Concrete Habitat Homes Design and Construction Competition

Grantee: National Concrete Masonry Association
Principle Investigator: Nick Lang
Year: 2021
Project Number: 2021.022
Status: COMPLETED

Engaging future designers to use concrete masonry exposes them to the solutions member products offer. This project leverages support from other concrete industry groups to expand student outreach.

Background:

Architects consider a number of factors when selecting materials for the projects they are designing. They evaluate factors including cost, aesthetics, client needs, and their own familiarity with the materials and building systems under consideration. It is during their time in architecture school and early in their careers that architects develop much of what they understand about building construction. In many cases those early influences define their approach to material selection for years to come. Frequently in architectural education there is little more than a cursory discussion regarding the use of concrete in building design and construction. Most often wood frame construction details are used to explain the “best” approach to housing design. More recently, faculty at these schools are energetically promoting mass timber as an eco-friendly alternative to concrete for larger structures. As a result, new graduates from schools of architecture are indoctrinated into a language of building that is wood-centric. As young architects enter the workforce today, they are fed a steady diet of trendy wood projects in design magazines and trade journals. Today, concrete building systems are often ignored when it comes to design awards. What’s more, the topic of embodied carbon as it is currently discussed paints concrete as the enemy of well intentioned, young architects and architecture students. The concrete industry must address this shortfall in the education of architects if the industry hopes to increase its influence on the next generation of design leaders.

The Association of Collegiate Schools of Architecture (ACSA) is an international association of architecture schools preparing future architects, designers, and change agents. In addition to other activities, they facilitate several national architectural design competitions annually, including those sponsored by the wood and steel industries. They are a good conduit to architecture schools and will provide broad distribution of both the competition to generate entries as well as promote the result to the universities and the design community.

Program Details:

This project will develop and implement a design and construction competition in collaboration with its partners to include Habitat for Humanity International (HFHI) and the Association of Collegiate Schools of Architecture (ACSA).
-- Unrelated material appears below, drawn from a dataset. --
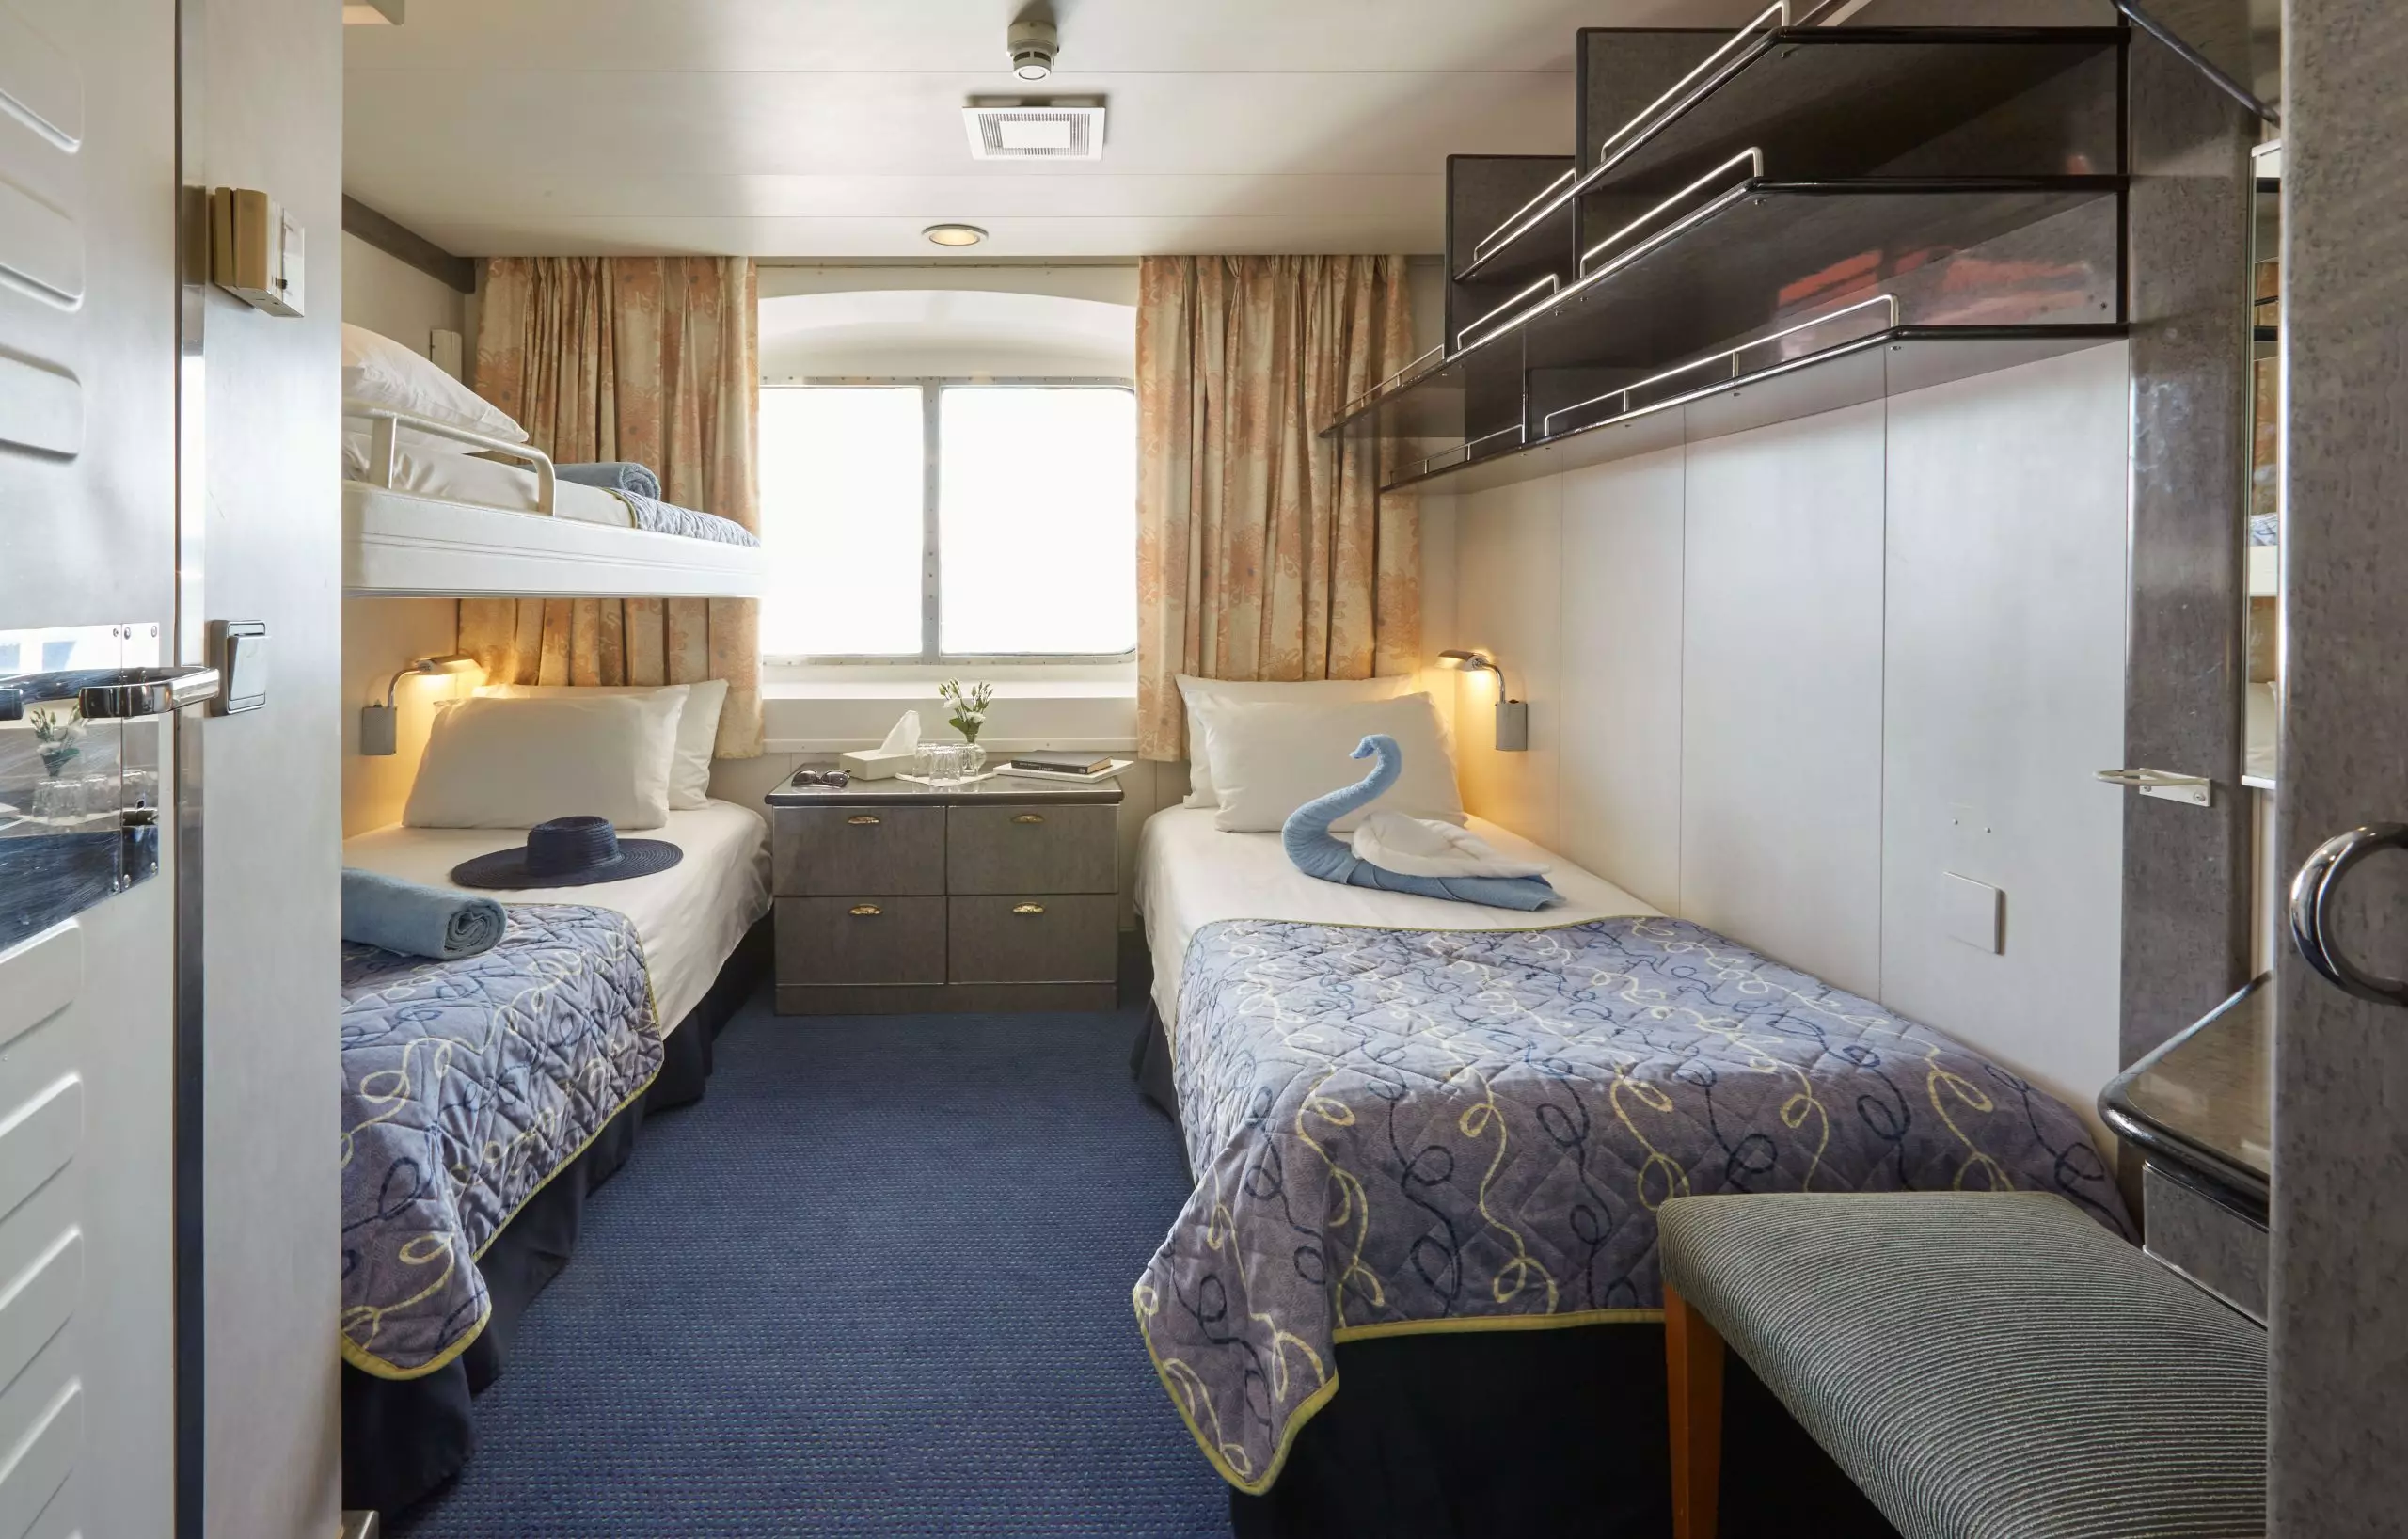 crystal-staterooms-xbo (1)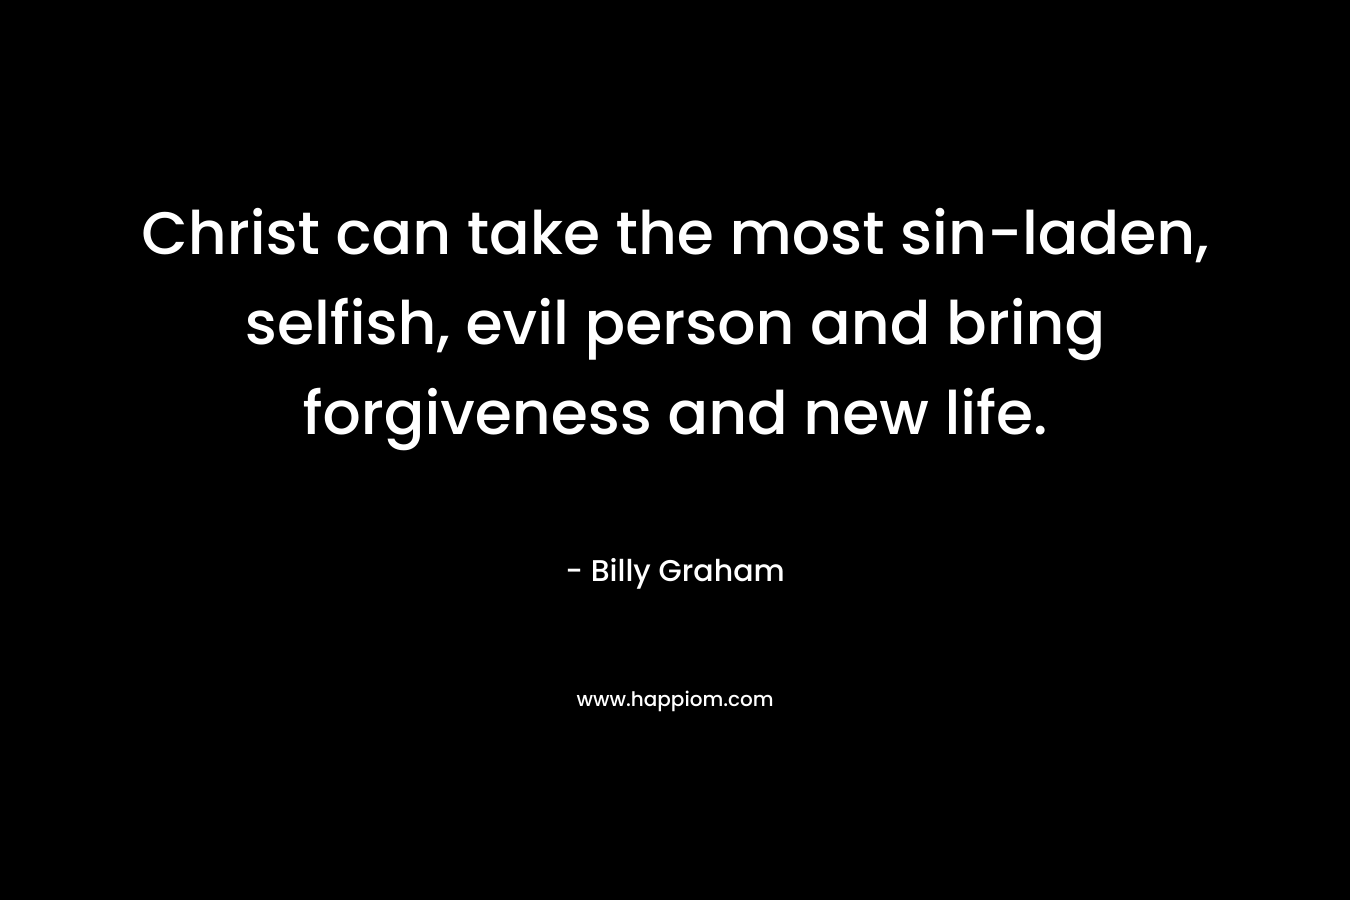 Christ can take the most sin-laden, selfish, evil person and bring forgiveness and new life.

Students from US schools of architecture who are sponsored by a faculty member at their school may submit designs in a national, juried competition for new, Net Zero Ready and Resilient homes constructed using concrete.

Further, the intention for the competition is that some of the winning designs will be considered for further development and construction by Habitat for Humanity affiliates in select markets in 2022.

The NCMA Foundation is participating in this project with consortium of concrete industry groups, including Build with Strength, the RMC Research & Education Foundation, the National Stone, Sand and Gravel Association, the Concrete Reinforcing Steel Institute, and the American Concrete Pumping Association.